Weakly Supervised Object Detection in Chest X-Rays With Differentiable ROI Proposal Networks and Soft ROI Pooling 利用可区分的 ROI 建议网络和软 ROI 池，实现胸部 X 光片中的弱监督对象检测。

IEEE transactions on medical imaging

Pub Date : 2024-07-29 DOI: 10.1109/TMI.2024.3435015

Philip Müller;Felix Meissen;Georgios Kaissis;Daniel Rueckert

Weakly supervised object detection (WSup-OD) increases the usefulness and interpretability of image classification algorithms without requiring additional supervision. The successes of multiple instance learning in this task for natural images, however, do not translate well to medical images due to the very different characteristics of their objects (i.e. pathologies). In this work, we propose Weakly Supervised ROI Proposal Networks (WSRPN), a new method for generating bounding box proposals on the fly using a specialized region of interest-attention (ROI-attention) module. WSRPN integrates well with classic backbone-head classification algorithms and is end-to-end trainable with only image-label supervision. We experimentally demonstrate that our new method outperforms existing methods in the challenging task of disease localization in chest X-ray images. Code: https://github.com/philip-mueller/wsrpn.

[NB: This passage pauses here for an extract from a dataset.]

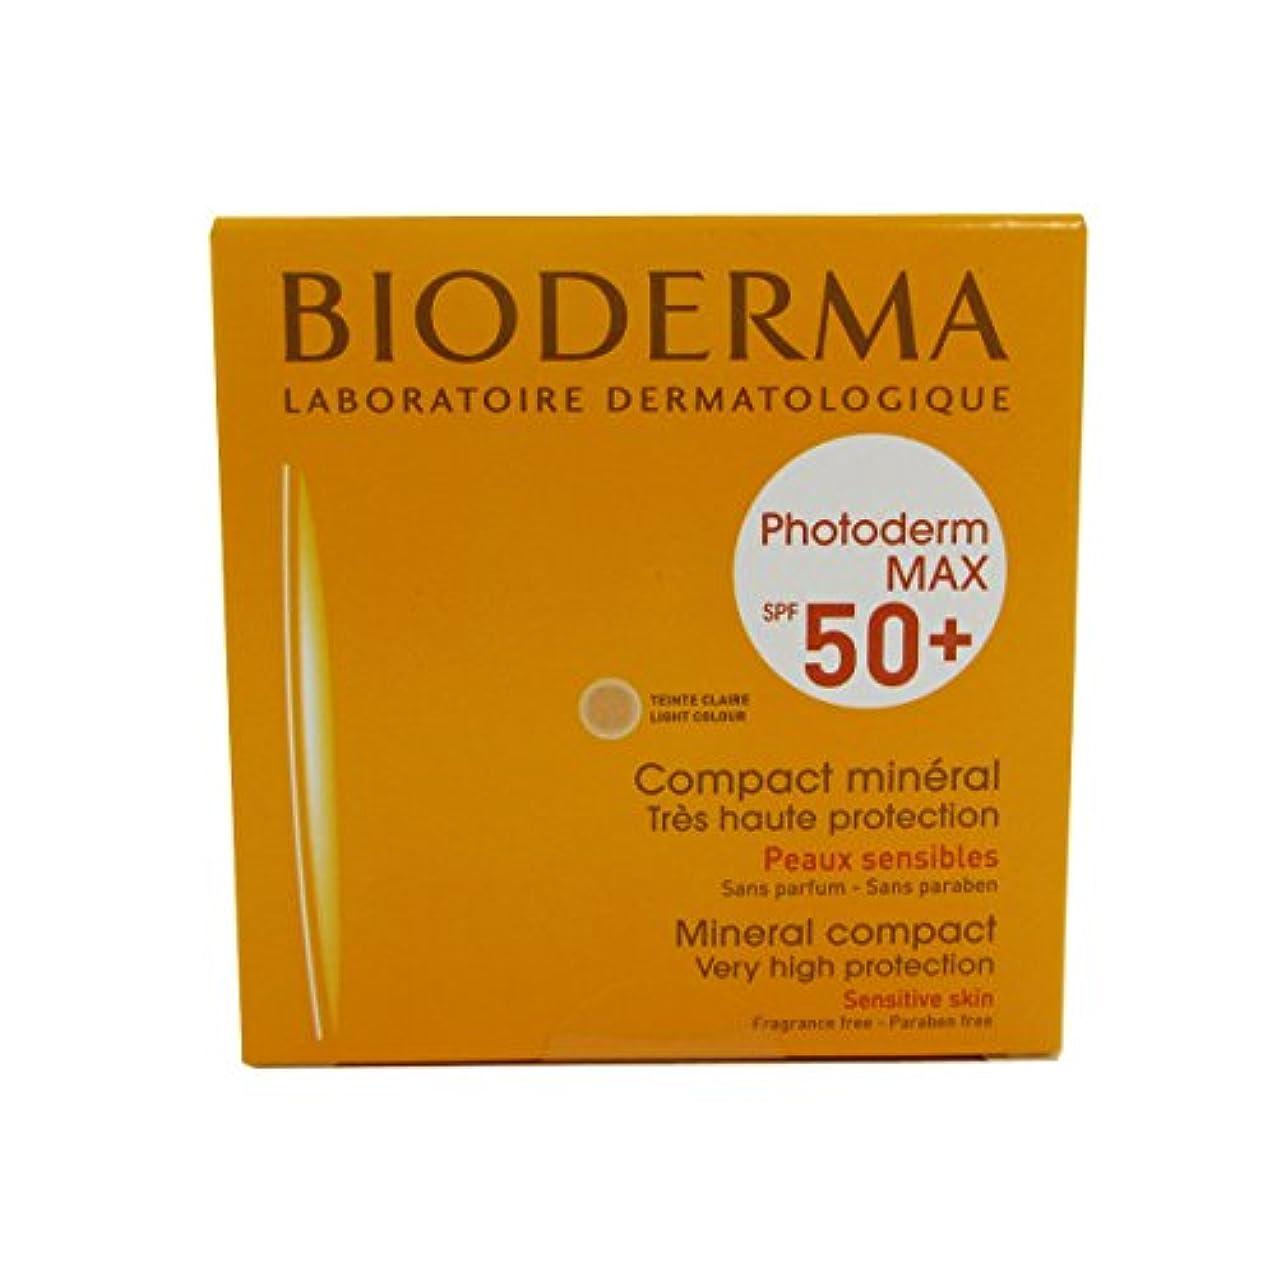 突撃重荷ターミナルBioderma Photoderm Max Compact Mineral 50+ Light 10g [並行輸入品]

弱监督对象检测（WSup-OD）无需额外监督即可提高图像分类算法的实用性和可解释性。然而，由于对象（即病理）的特征截然不同，多实例学习在自然图像任务中取得的成功并不能很好地应用于医学图像。在这项工作中，我们提出了弱监督 ROI 建议网络（WSRPN），这是一种利用专门的兴趣区域关注（ROI-attention）模块即时生成边界框建议的新方法。WSRPN 与经典的骨干头分类算法集成良好，只需图像标签监督即可进行端到端的训练。我们通过实验证明，在胸部 X 光图像疾病定位这一具有挑战性的任务中，我们的新方法优于现有方法。代码：https://anonymous.4open.science/r/WSRPN-DCA1。

引用次数: 0

Prototype Learning Guided Hybrid Network for Breast Tumor Segmentation in DCE-MRI 用于 DCE-MRI 中乳腺肿瘤分割的原型学习引导混合网络。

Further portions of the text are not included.